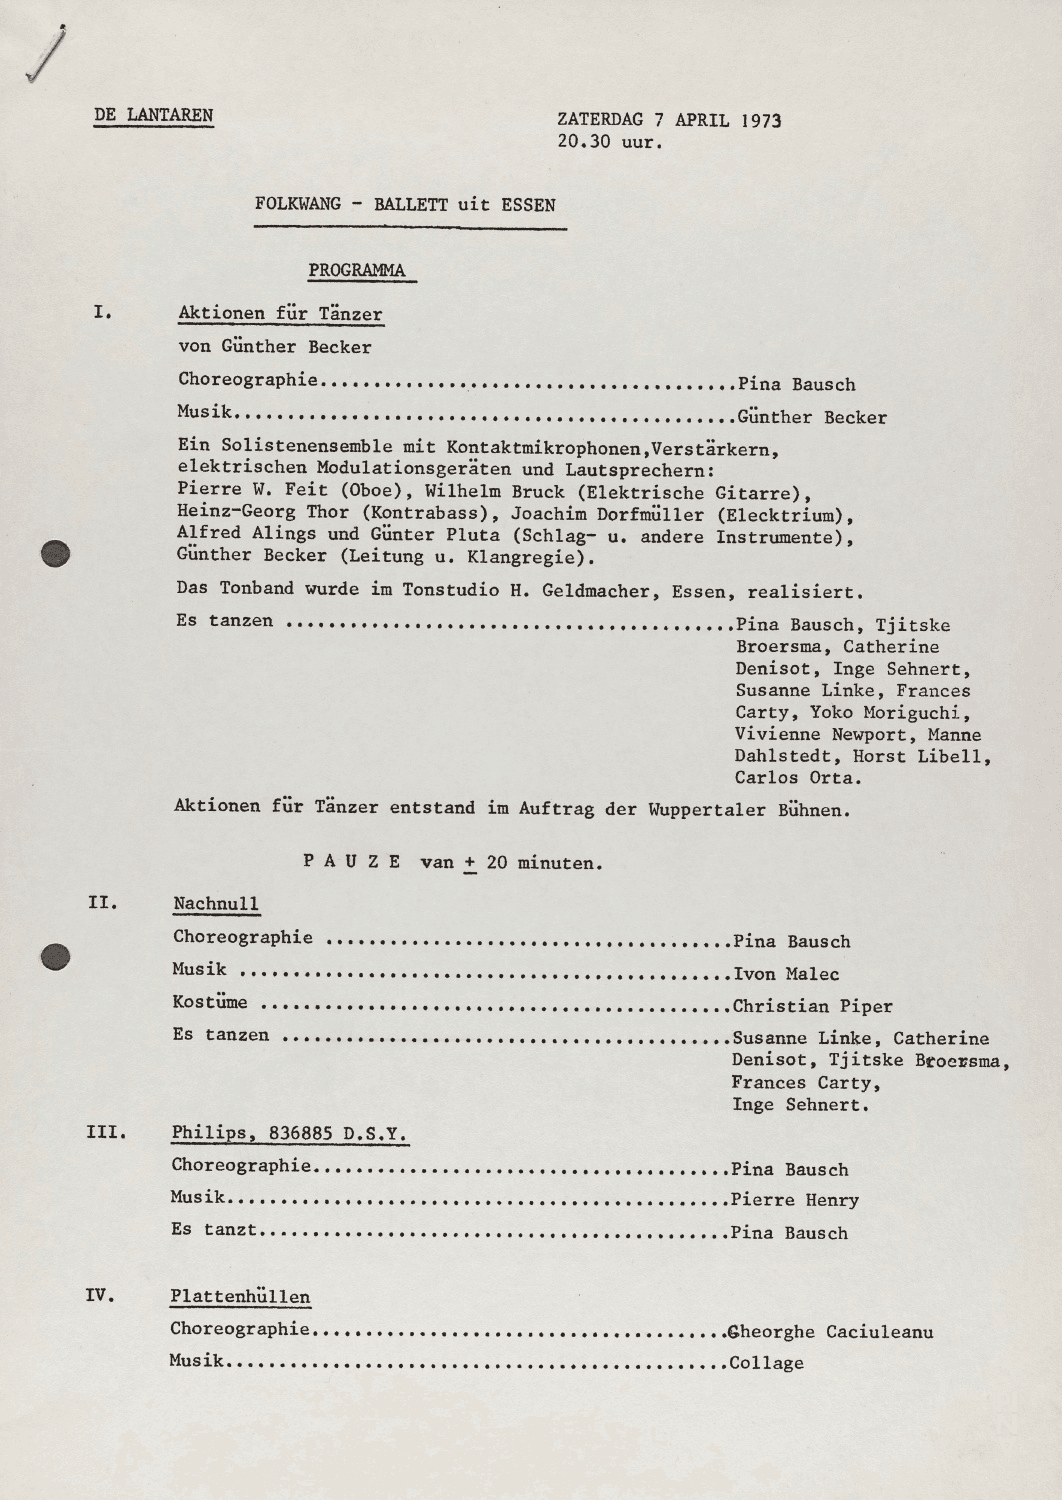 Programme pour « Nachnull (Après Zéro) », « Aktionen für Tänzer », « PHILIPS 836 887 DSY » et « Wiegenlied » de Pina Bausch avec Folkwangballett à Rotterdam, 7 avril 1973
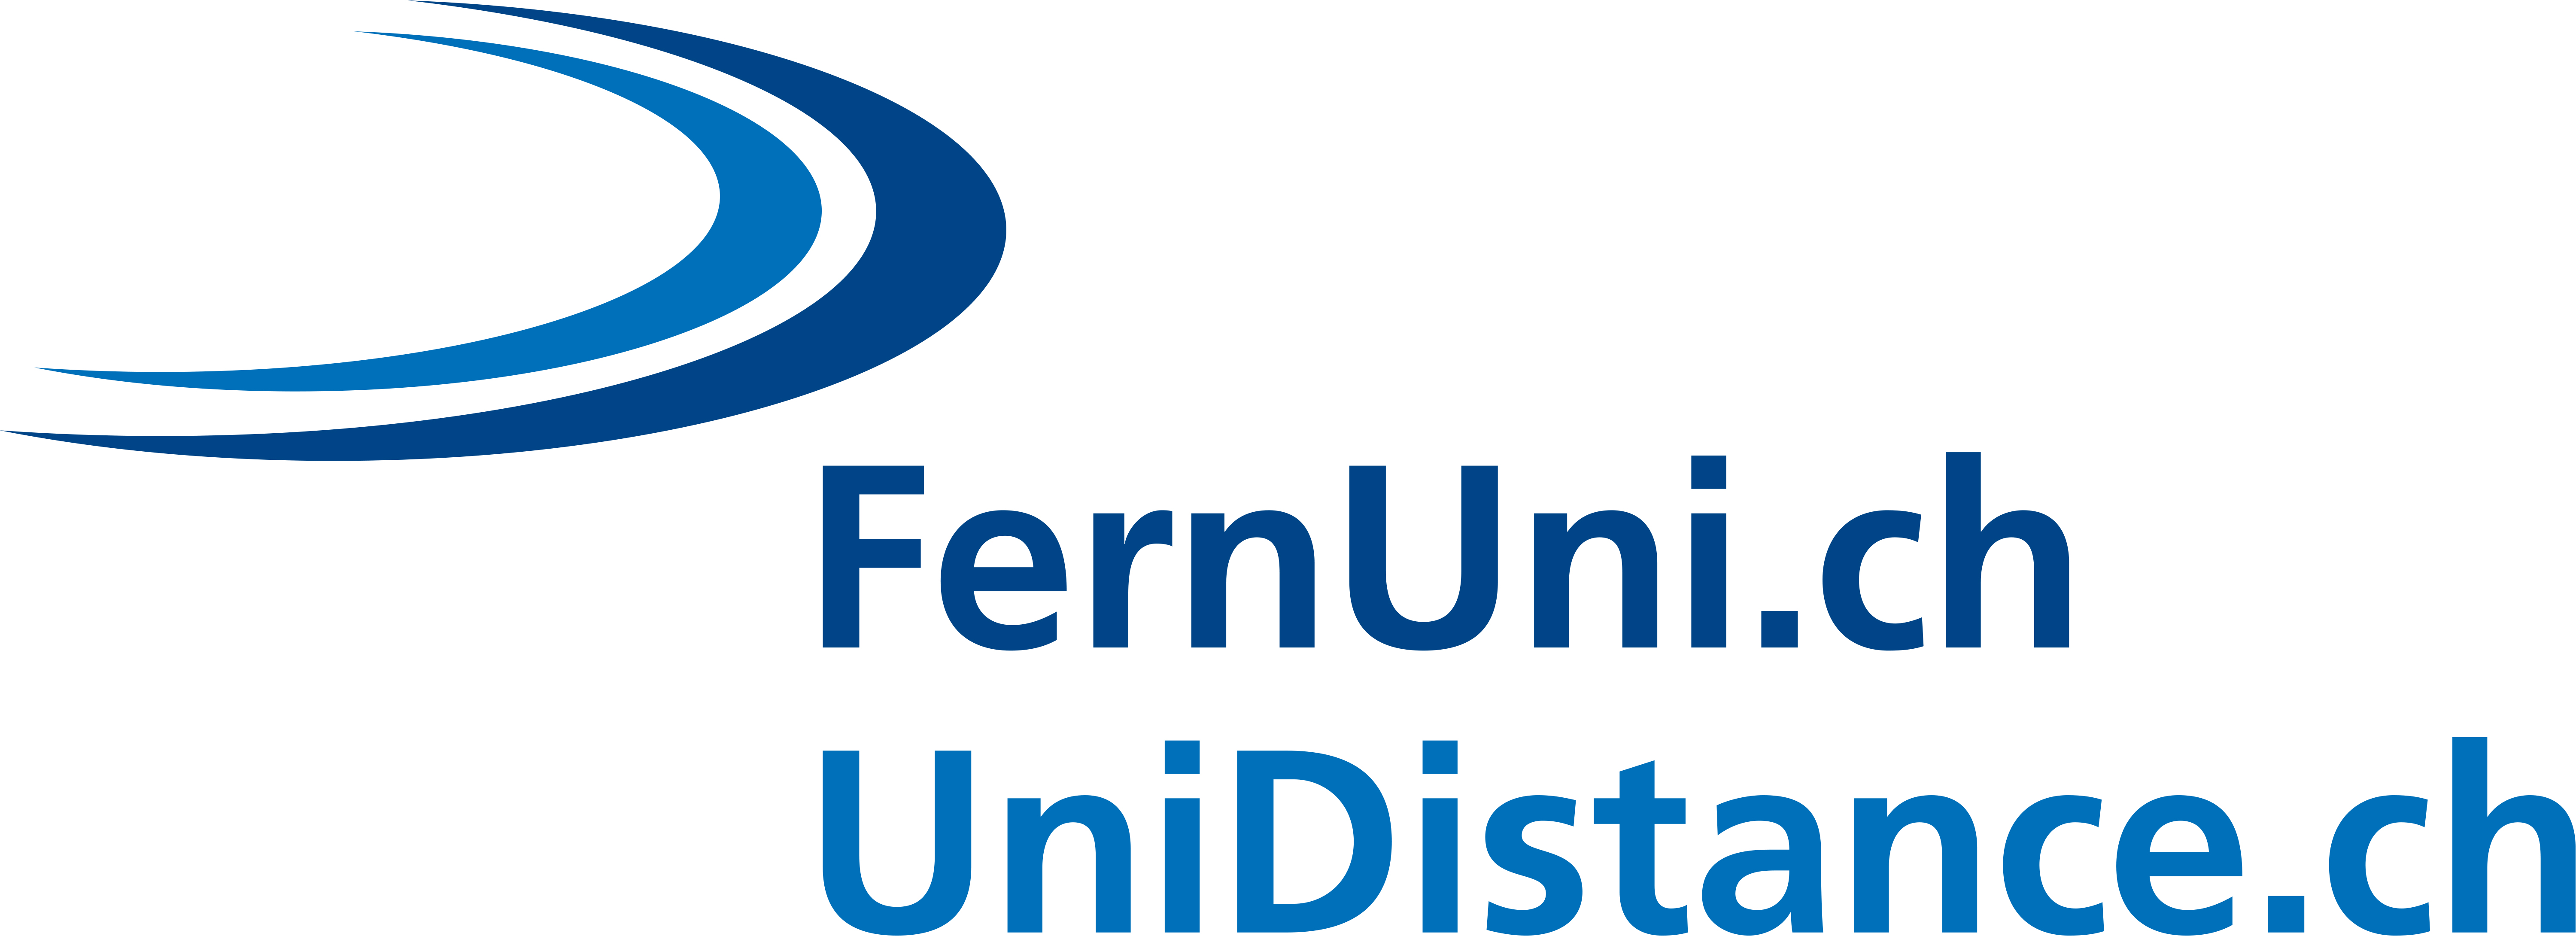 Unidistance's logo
_ _ _
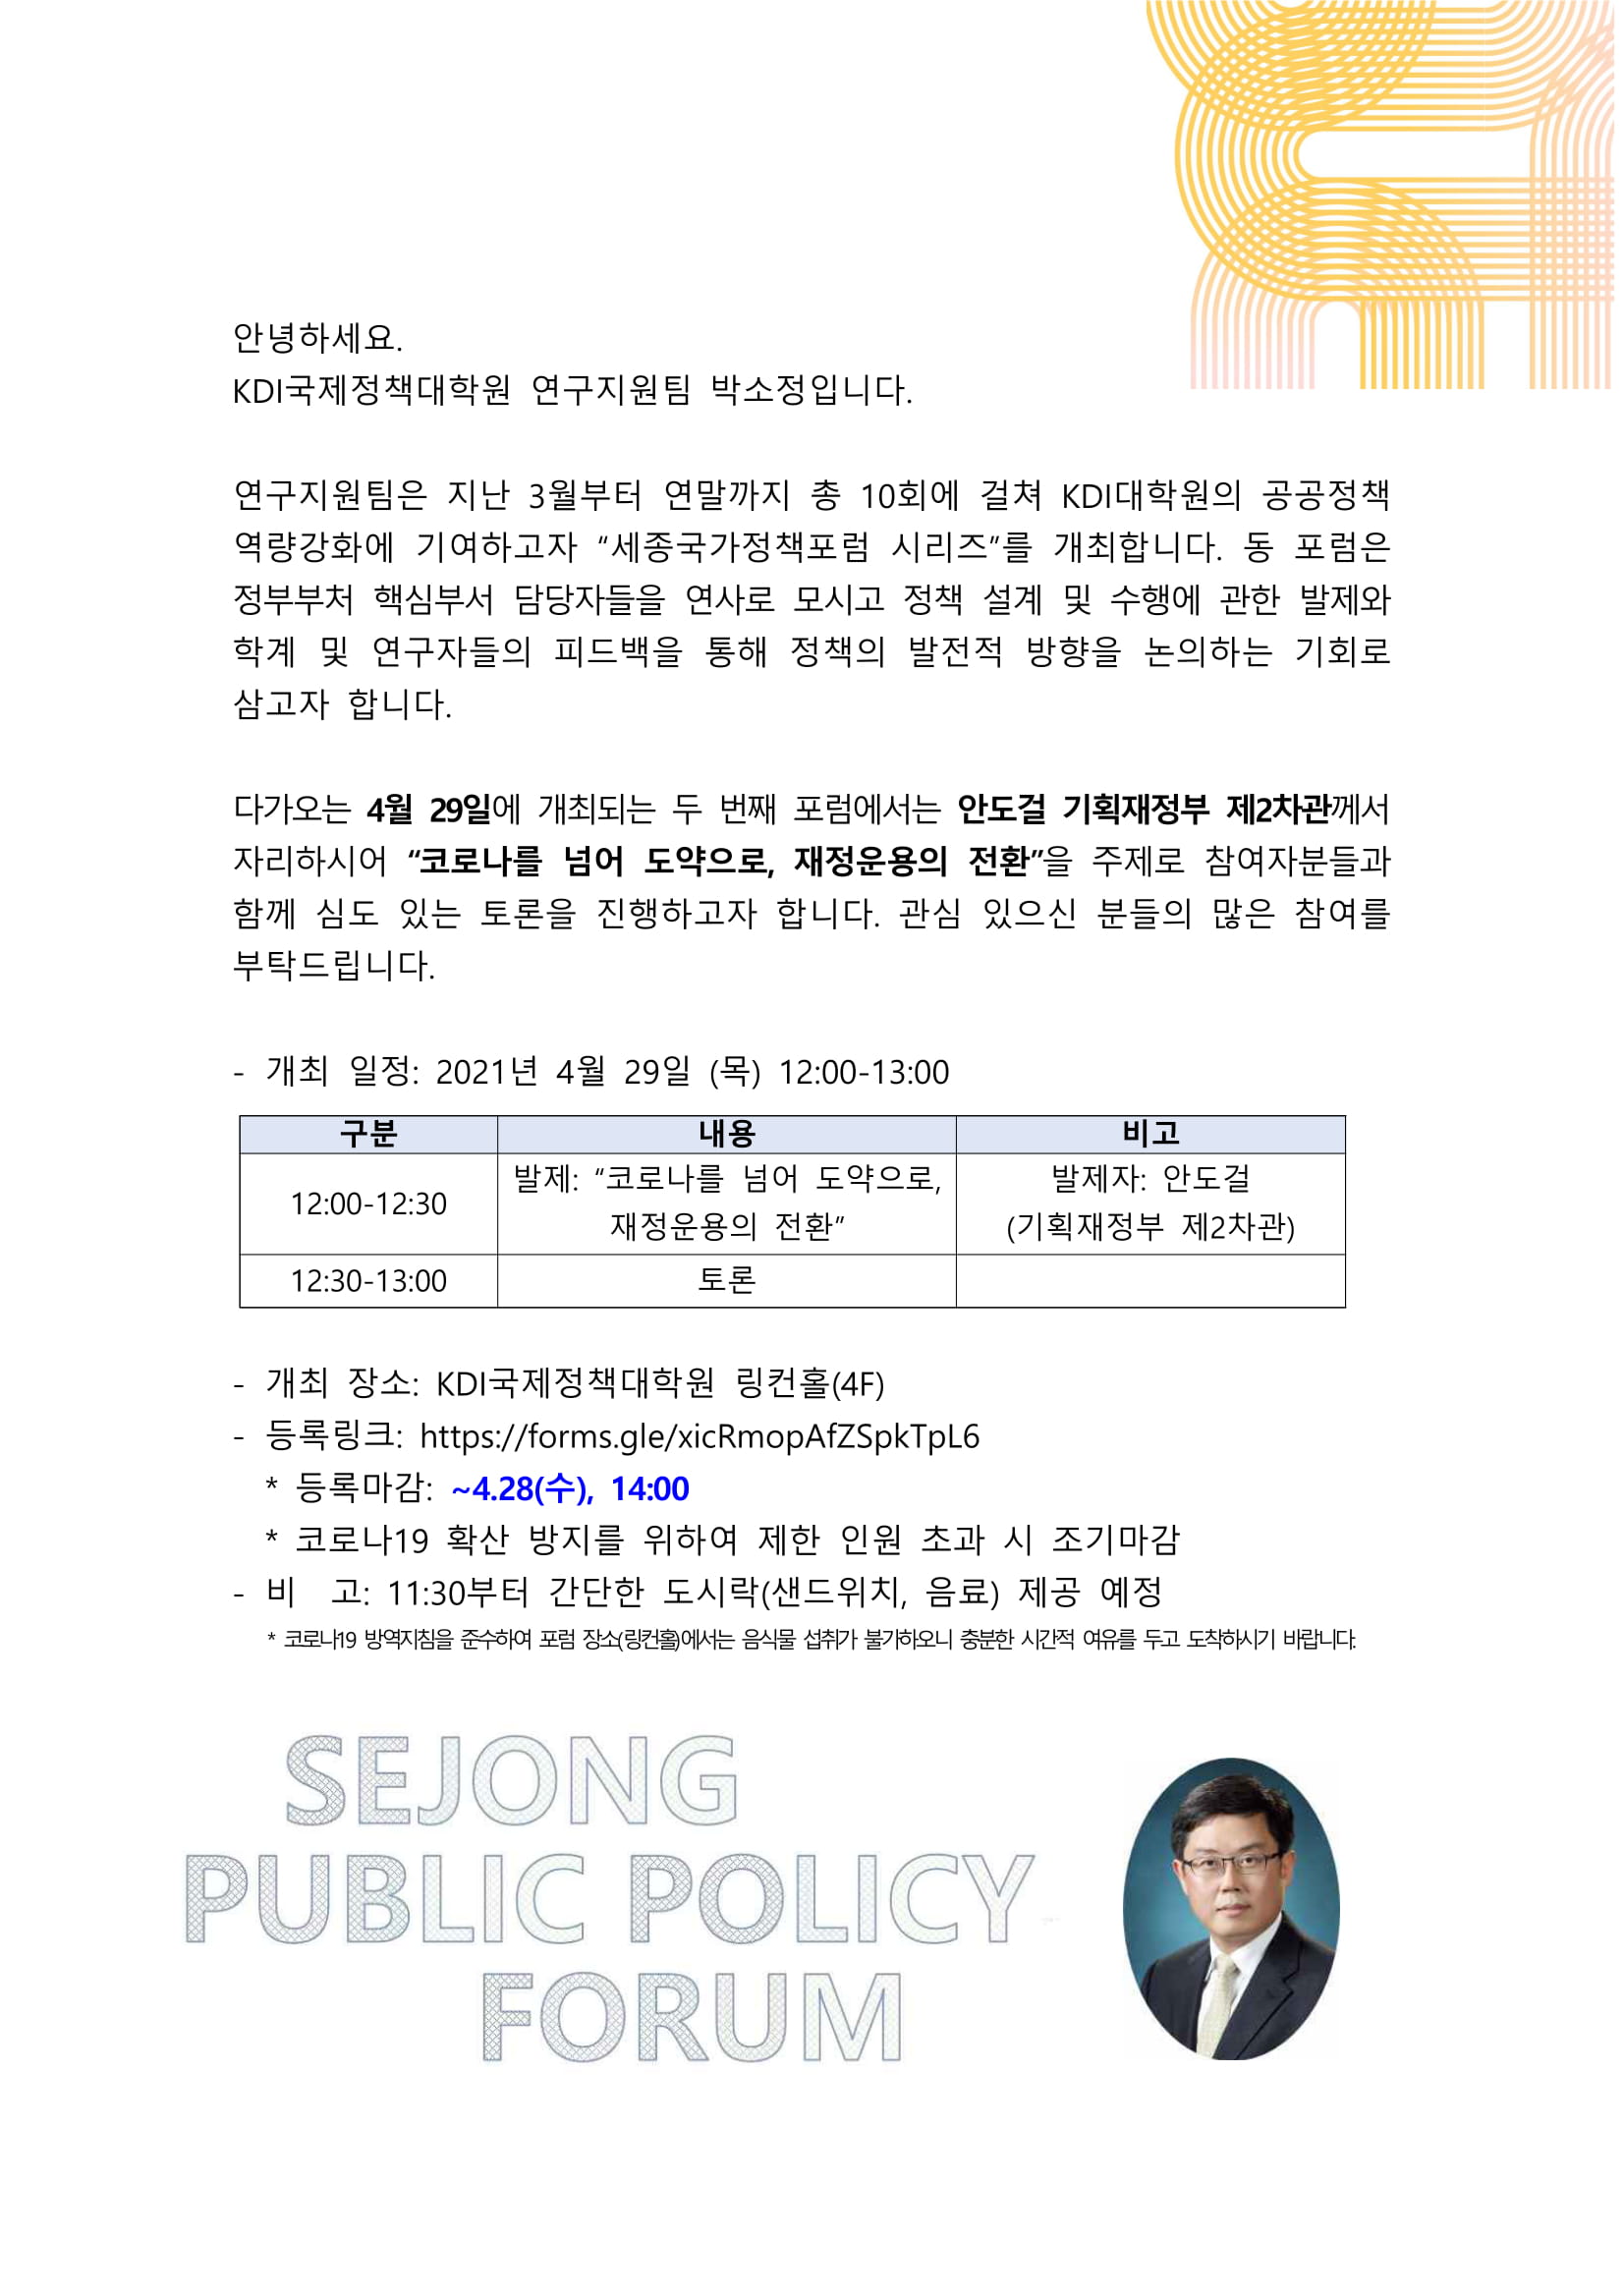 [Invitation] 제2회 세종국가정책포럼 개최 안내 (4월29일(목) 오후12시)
_ _ _
- _Directions for this task_
Everything from the line with "7 avril 1973" down to the line with "Unidistance's logo" in the data above should be copied exactly, with both end lines kept and the pictures left out.

- _Reply to the task_
 Programme pour « Nachnull (Après Zéro) », « Aktionen für Tänzer », « PHILIPS 836 887 DSY » et « Wiegenlied » de Pina Bausch avec Folkwangballett à Rotterdam, 7 avril 1973
 Unidistance's logo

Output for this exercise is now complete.